The consequence of this was not exactly as I had wished and I must say that for a day or two I did not quite understand what had happened to me. In Hermione’s mind, however, there was no question that I had guaranteed Percy I would have the duck constructed.
“You don’t know you have made your son a promise?”
“No.”
“Then you were just teasing him. Could you ever be so cruel?”
“But Hermione, I would have to go abroad.”
“I am sure you know best how it should be done.”
She was a Lyall which is to say, she was driven by a hot engine. This seemed to be a family characteristic, as if the heat of the Lyalls’ bodies was part of the fermentation process that underwrote their Newcastle ventures.
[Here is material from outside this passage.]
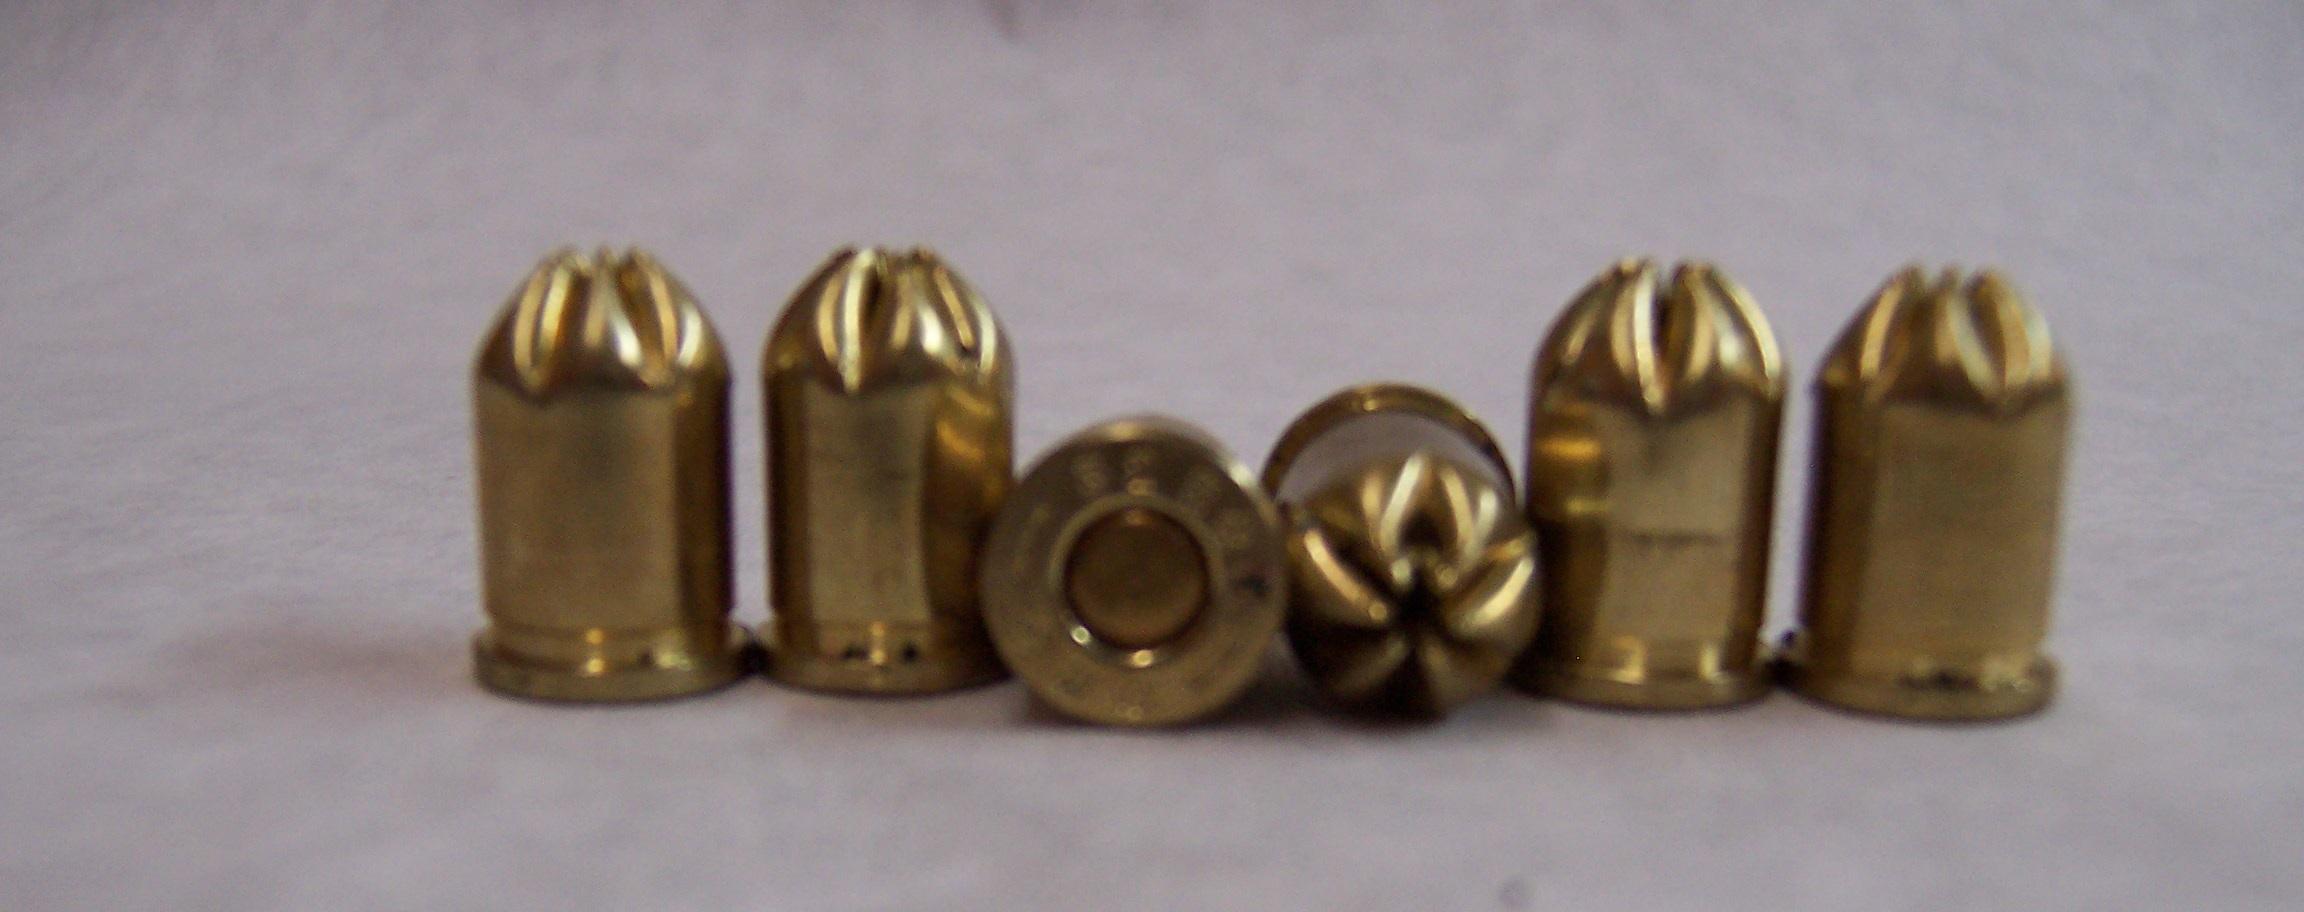 32 S&W CAL HALF LOAD NON CORR BLANK AMMUNITION for CARTRIDGE GUNS

Now, at a lonely dinner I will never forget, I understood that this heat was being applied like a blow torch to encourage my departure from my own household.
NEXT MORNING AT THE Two True Friends’ breakfast table, my son asked me, “When will you leave, Papa?”
So his mother had been at him already.
“Would you not be sad to see your papa gone?” I asked him.
“You should not be sad, Papa,” he said and in his frown I saw the risk that he might glimpse the dire state of his parents’ marriage. I had never lied to him before but now I was a jovial clown, so much so that, by the time I poured his cocoa, he believed I could not wait to start my quest.
“Huzza,” he cried. “What an adventure you will have.”
Of course I did not depart until I had made complete arrangements for his proper care. That is, I acquitted myself with character, although my wife, being a Lyall, would not accept her victory graciously. She refused to understand why, if I was so keen on M. Vaucanson’s invention, I would not travel to the nation of which Vaucanson had been a citizen—there was no question in her new friends’ minds that the French were in every way superior to the Germans—but I had had enough of them and their opinions. Quite sensibly, my chosen destination was in the Schwarzwald or Black Forest south of Karlsruhe, where the cuckoo clock had been invented. Deep in the Breg Valley there nestled tiny farms—or so I learned in the encyclopedia—for all the world like dolls’ houses set in children’s plantations and apparently inaccessible save by climbing down rope ladders from the heights above. Here lived a mighty race of clockmakers, notorious not only for their physical strength but the dexterity of their fingers and the unexpected ingenuity of their peasant minds. Here were enough brains and fingers, an embarrassment of riches, any set of which might make my duck.